(Recorded information begins)
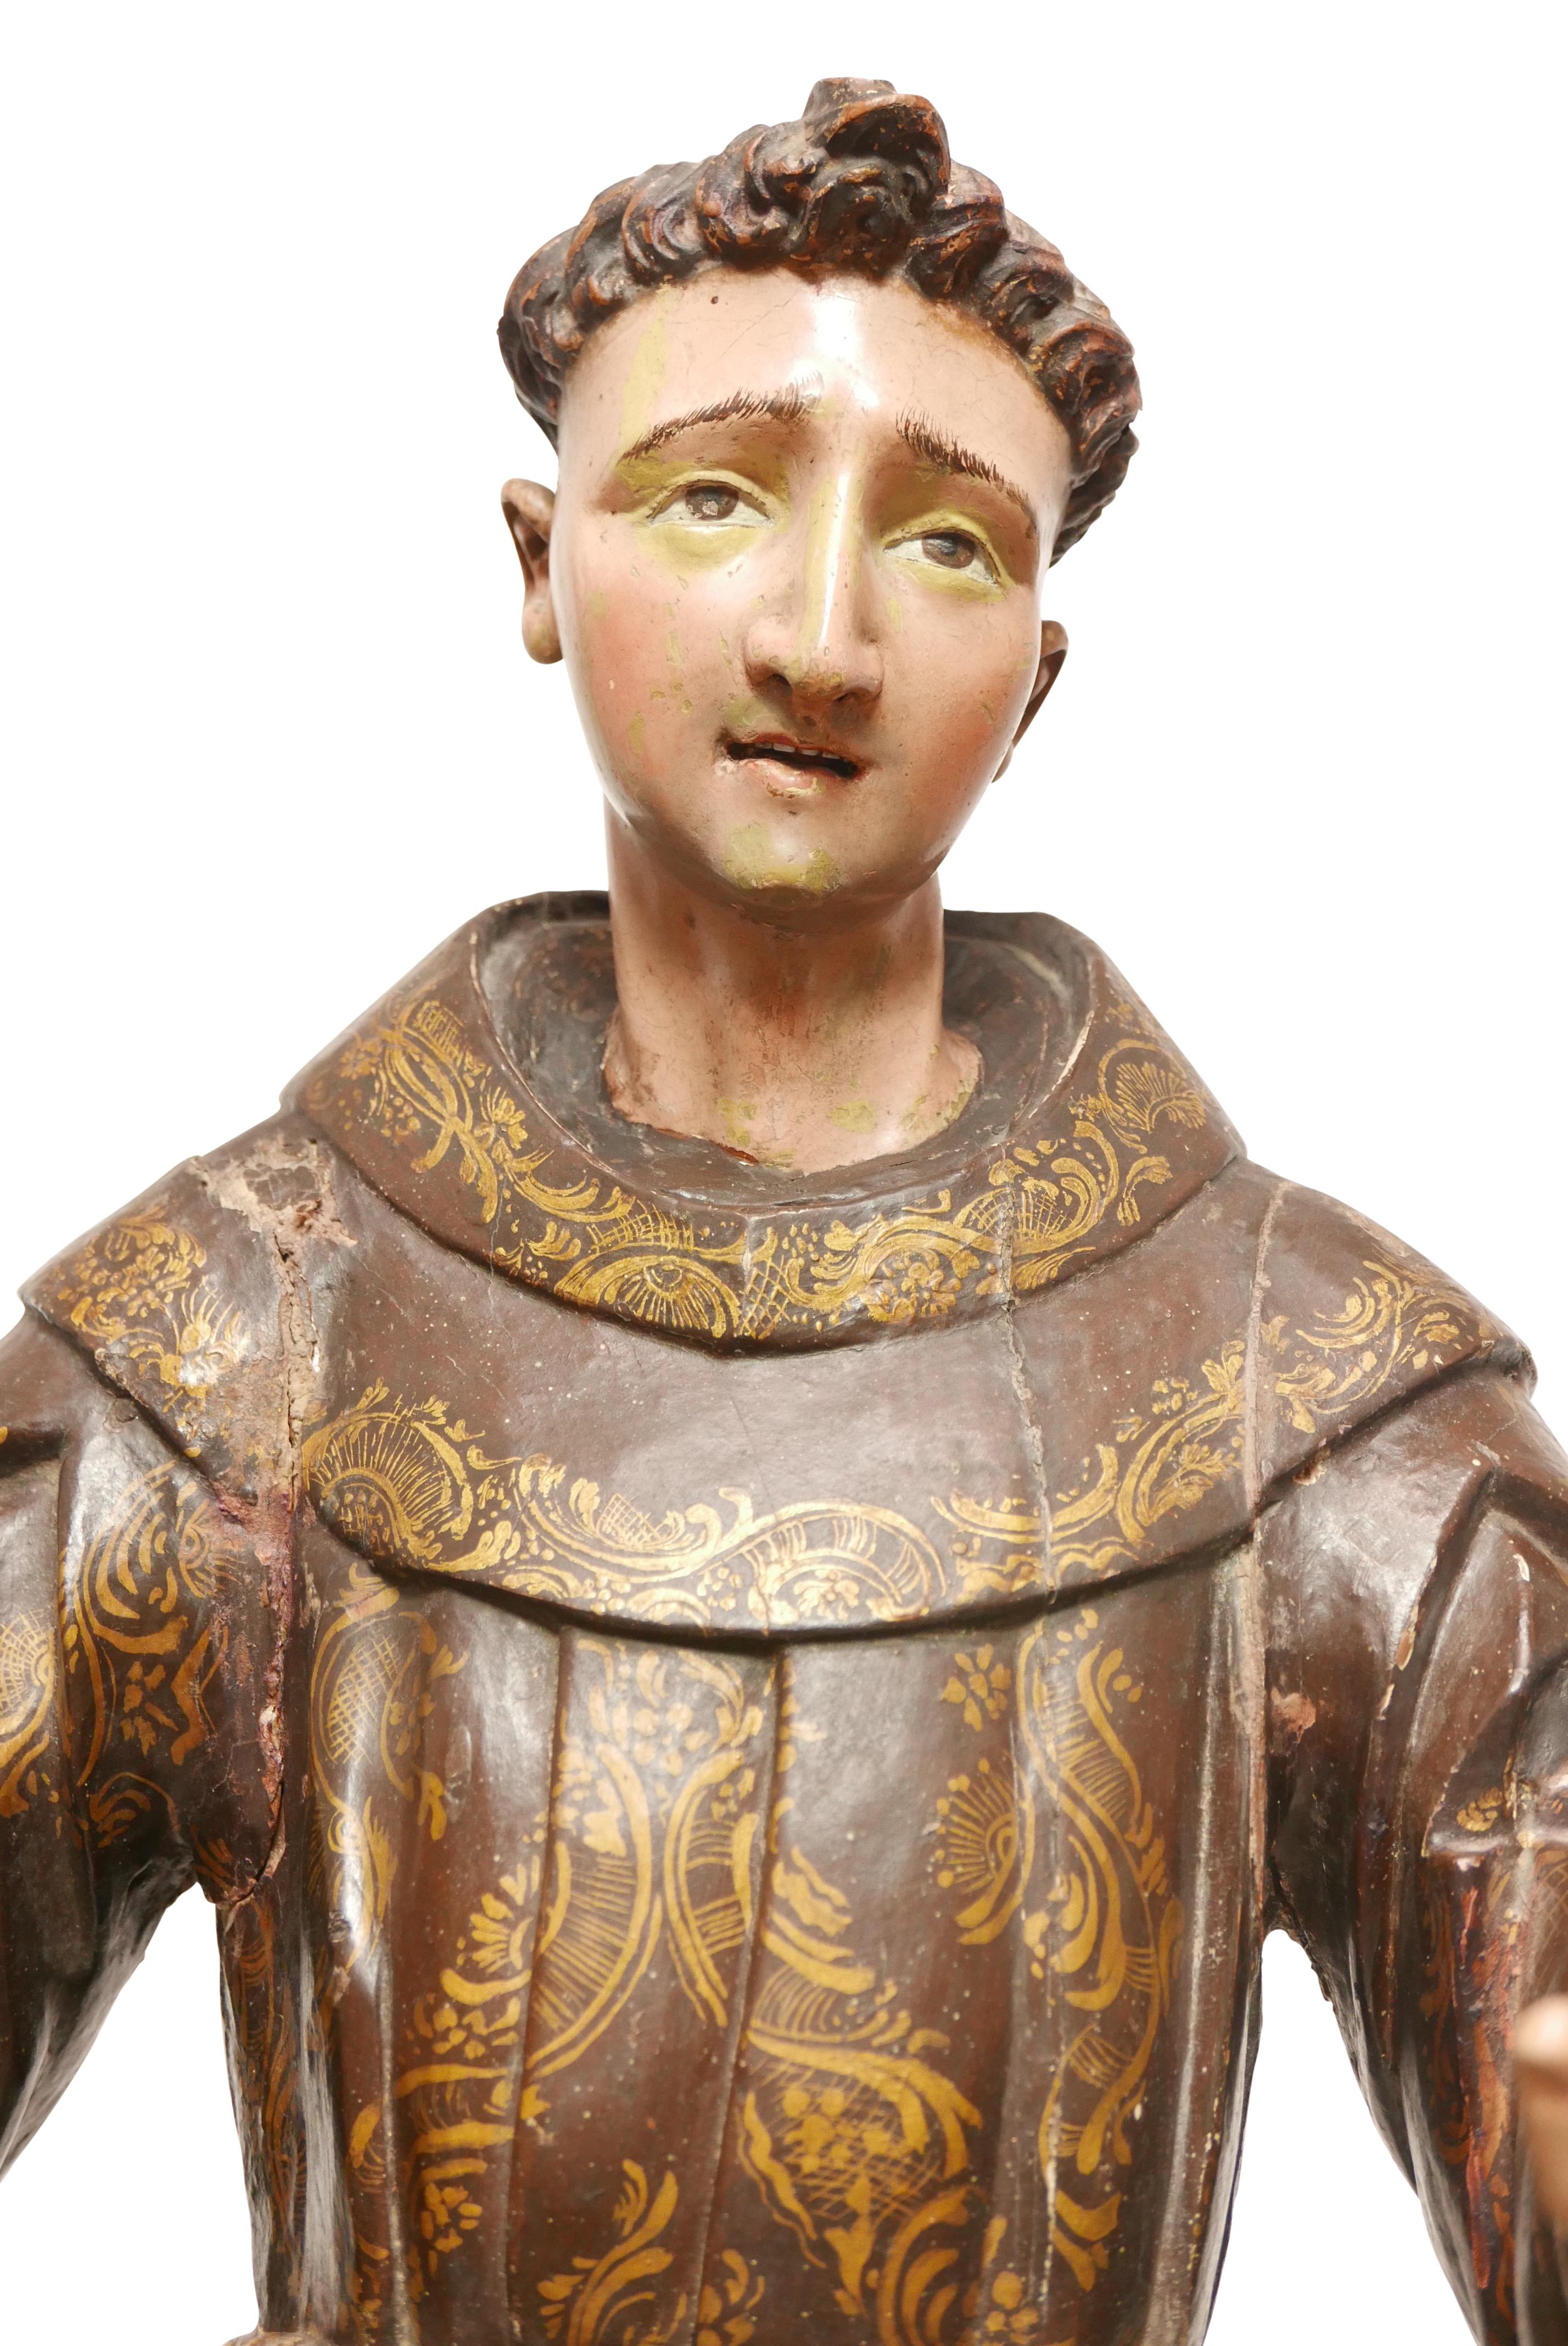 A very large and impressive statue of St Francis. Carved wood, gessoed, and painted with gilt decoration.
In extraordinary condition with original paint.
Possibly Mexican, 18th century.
(Recorded information ends)
**Work required:**
An exact reproduction of the data is required, with pictures excluded.

**Exercise response:**
 A very large and impressive statue of St Francis. Carved wood, gessoed, and painted with gilt decoration.
In extraordinary condition with original paint.
Possibly Mexican, 18th century.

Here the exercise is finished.